To find the velocity of the aircraft after 6.00 s, we need to use the formulas for horizontal and vertical components separately.

Given initial velocity (vi) and acceleration (a), we can use the formula:

vf = vi + at

For the horizontal component:

Given initial horizontal velocity (vi_x) = 58.0 m/s and horizontal acceleration (a_x) = 3.8 m/s^2

Using the formula vf_x = vi_x + a_x*t:

vf_x = 58.0 m/s + 3.8 m/s^2 * 6.00 s

vf_x = 58.0 m/s + 22.8 m/s

vf_x = 80.8 m/s

For the vertical component:

Given initial vertical velocity (vi_y) = 58.0 m/s and vertical acceleration (a_y) = 0 m/s^2 (since the aircraft flies at a constant altitude)

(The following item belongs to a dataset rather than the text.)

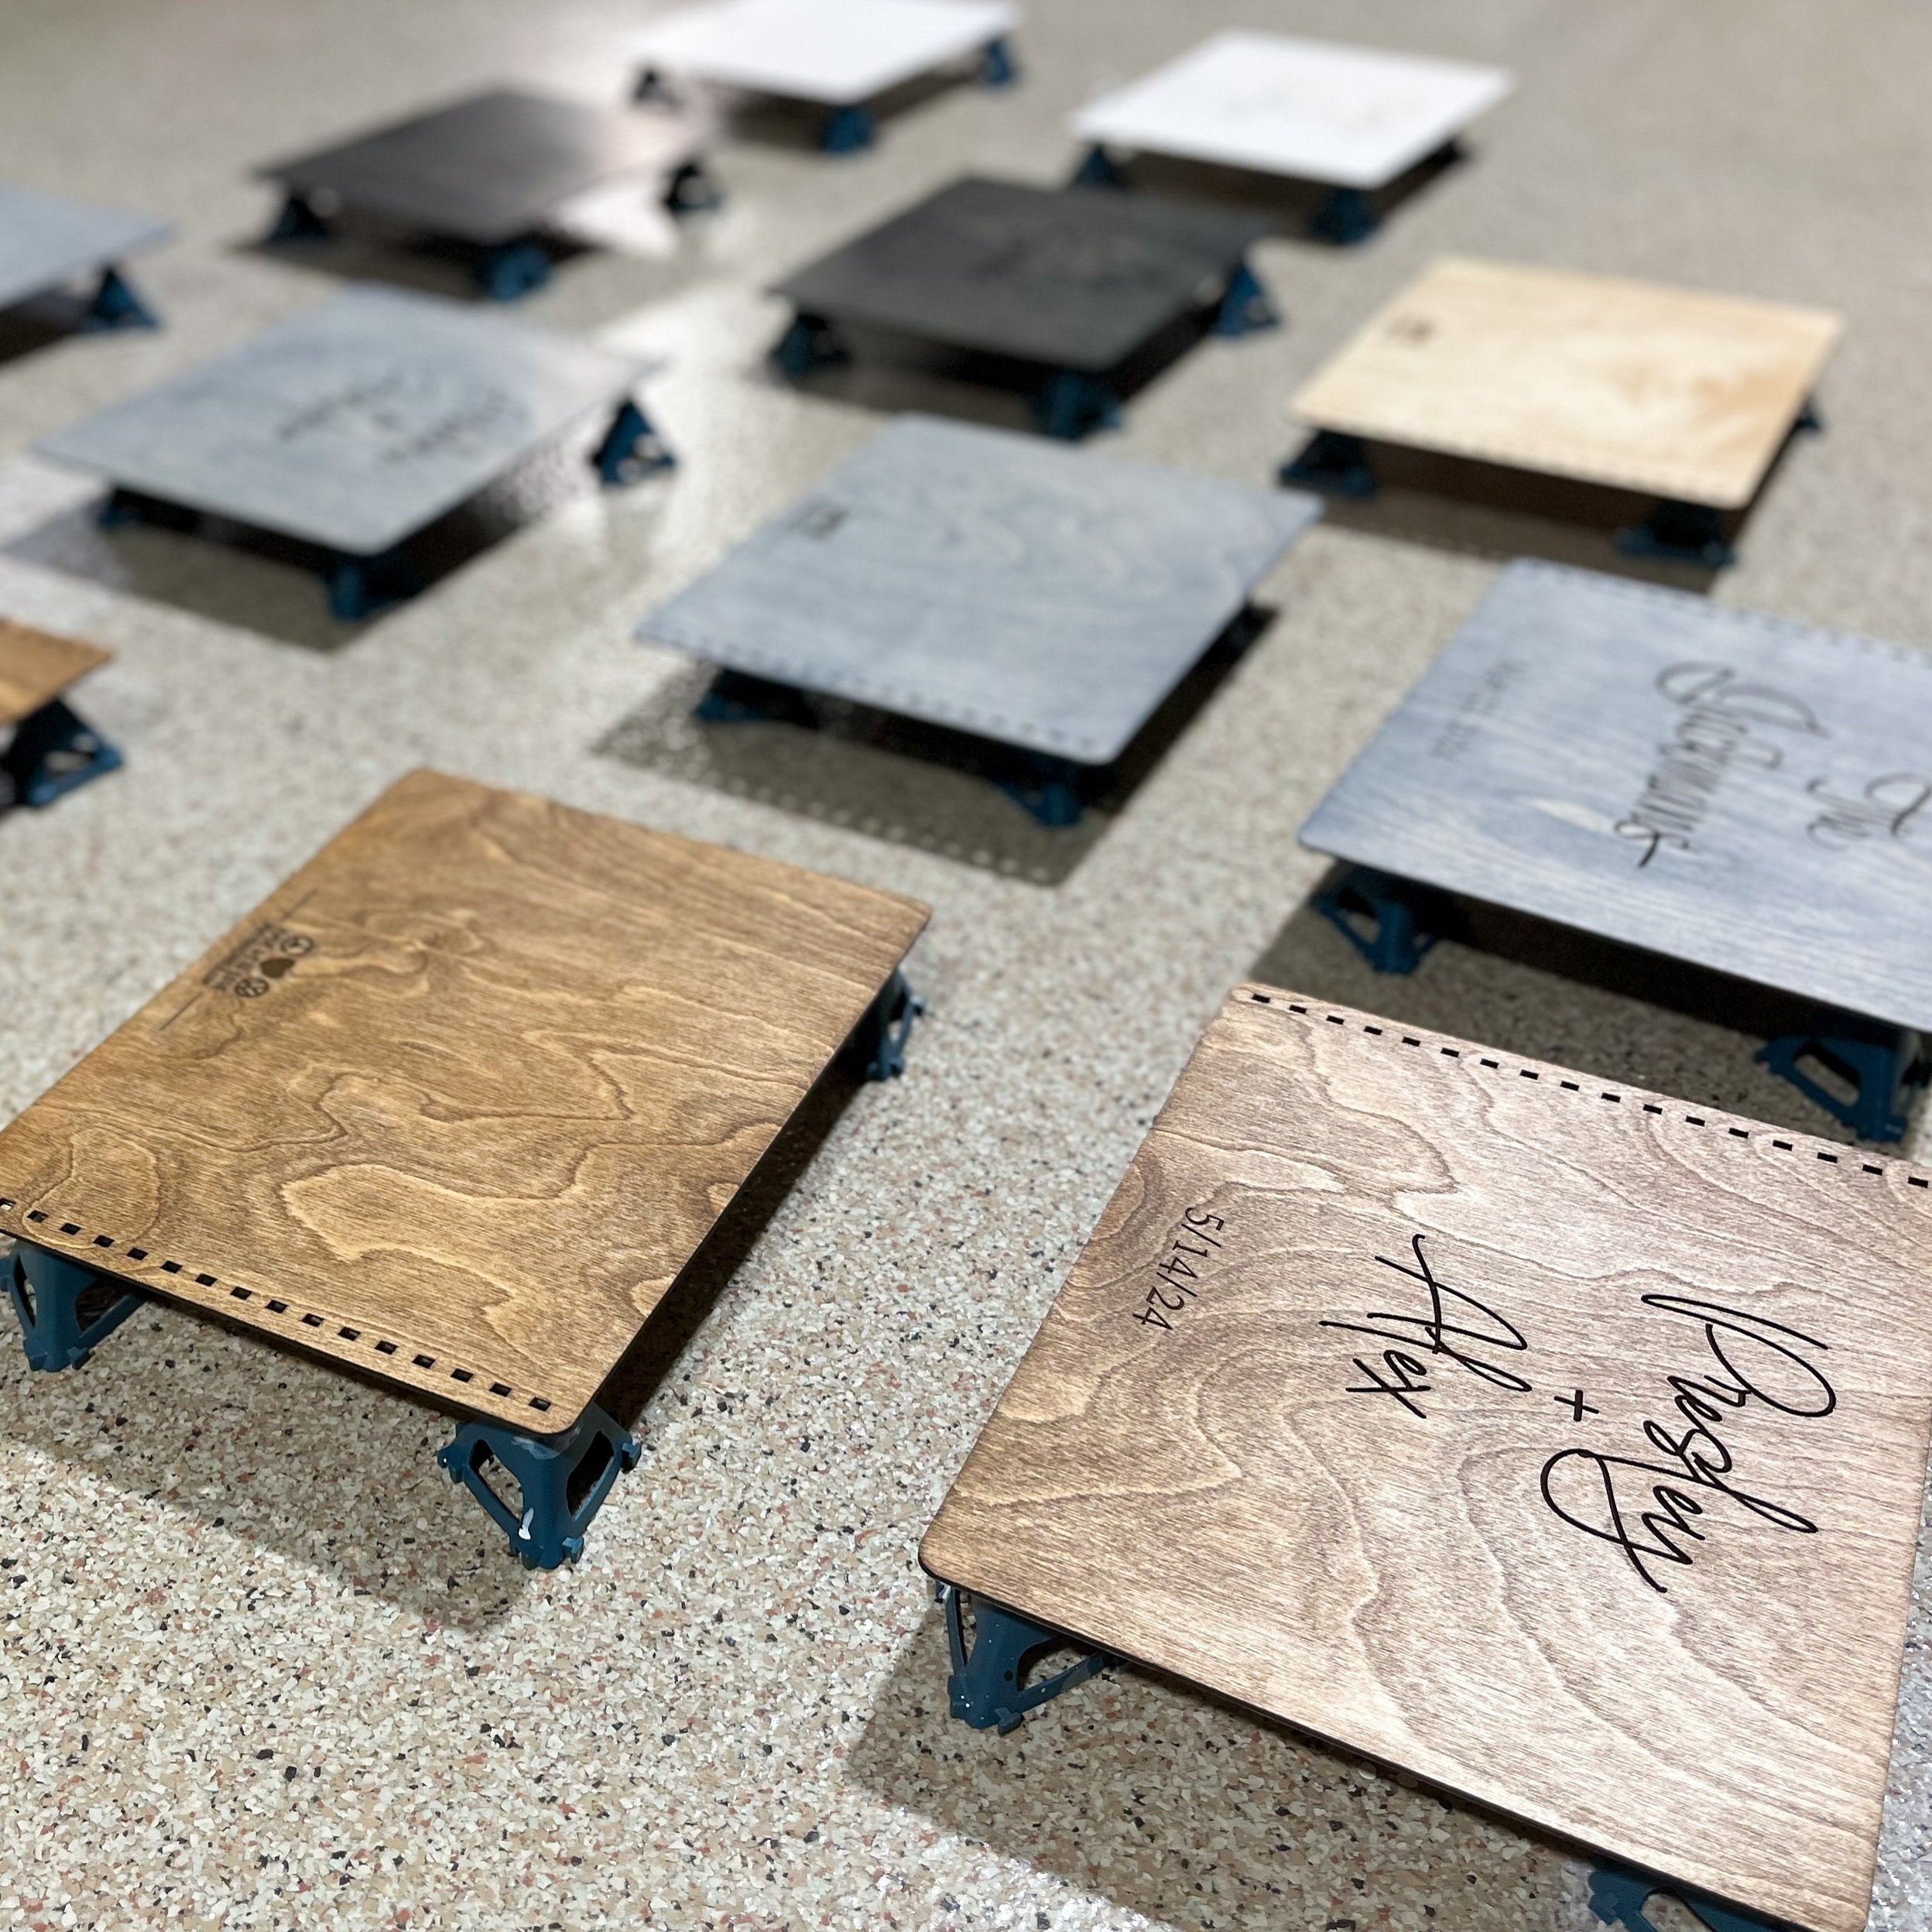 Everybody&rsquo;s ogling over the Met Gala outfits and I&rsquo;m over here grinning like an idiot literally watching sealer dry. Cory knocks it out of the park every time with our custom guestbooks. He&rsquo;s been cutting and staining and sanding li

Using the formula vf_y = vi_y + a_y*t:

vf_y = 58.0 m/s + 0 m/s^2 * 6.00 s

vf_y = 58.0 m/s

Therefore, the velocity of the aircraft after 6.00 s is:

vf = (vf_x, vf_y) = (80.8 m/s, 58.0 m/s)

(a) vf = (80.8 m/s, 58.0 m/s)

To find the position vector of the aircraft after 6.00 s, we need to use the formula:

Δr = vi*t + 0.5*a*t^2

First, find the horizontal displacement (Δx):

Given initial horizontal position (xi) = 1330 m and initial horizontal velocity (vi_x) = 58.0 m/s

Using the formula Δx = xi + vi_x*t + 0.5*a_x*t^2:

Δx = 1330 m + 58.0 m/s * 6.00 s + 0.5 * 3.8 m/s^2 * (6.00 s)^2

Δx = 1330 m + 348 m + 68.4 m

Δx = 1746.4 m

For the vertical displacement (Δy):

Given initial vertical position (yi) = 1330 m and initial vertical velocity (vi_y) = 58.0 m/s

Using the formula Δy = yi + vi_y*t + 0.5*a_y*t^2:

Δy = 1330 m + 58.0 m/s * 6.00 s + 0.5 * 0 m/s^2 * (6.00 s)^2

Δy = 1330 m + 348 m + 0 m

Δy = 1678 m

Therefore, the position vector of the aircraft after 6.00 s is:

Δr = (Δx, Δy) = (1746.4 m, 1678 m)

(b) Δr = (1746.4 m, 1678 m)

Answer 2

To answer these questions, we need to break down the initial position, velocity, and acceleration vectors into their x and y components.

Given:
Initial position (xi, yi) = (1330 m, 0 m)
Initial velocity (vi, θv) = (58.0 m/s, 55.0°)
Acceleration (ai, θa) = (3.8 m/s^2, 195°)

(a) To find the velocity after 6.00 s, we need to find the final velocity vector (vf). We can use the equation:

vf = vi + a * t

First, let's find the x component of the initial velocity (vxi) and the x component of the acceleration (ax):

vxi = vi * cos(θv)
ax = a * cos(θa)

Substituting the known values:

vxi = 58.0 m/s * cos(55.0°)
ax = 3.8 m/s^2 * cos(195°)

Now, let's find the y component of the initial velocity (vyi) and the y component of the acceleration (ay):

vyi = vi * sin(θv)
ay = a * sin(θa)

Substituting the known values:

vyi = 58.0 m/s * sin(55.0°)
ay = 3.8 m/s^2 * sin(195°)

Now we can find the x component and y component of the final velocity (vxf, vyf):

vxf = vxi + ax * t
vyf = vyi + ay * t

Substituting the known values:

vxf = vxi + ax * 6.00 s
vyf = vyi + ay * 6.00 s

Finally, we can find the magnitude and direction of the final velocity using the Pythagorean theorem and inverse tangent function:

vf = sqrt(vxf^2 + vyf^2) m/s
θf = atan(vyf / vxf)

(b) To find the position vector after 6.00 s, we need to find the final position vector (rf). We can use the equation:

rf = ri + vi * t + 0.5 * a * t^2

First, let's find the x component of the initial position (xi) and the y component of the initial position (yi):

xi = 1330 m
yi = 0 m

Next, let's find the x component and y component of the final position (xf, yf):

xf = xi + (vxi * t) + (0.5 * ax * t^2)
yf = yi + (vyi * t) + (0.5 * ay * t^2)

Substituting the known values:

xf = xi + (vxi * 6.00 s) + (0.5 * ax * (6.00 s)^2)
yf = yi + (vyi * 6.00 s) + (0.5 * ay * (6.00 s)^2)

Therefore, the answers to the questions are:

(a) The final velocity of the aircraft after 6.00 s is vf = (vxf, vyf) m/s.
(b) The position vector of the aircraft after 6.00 s is rf = (xf, yf).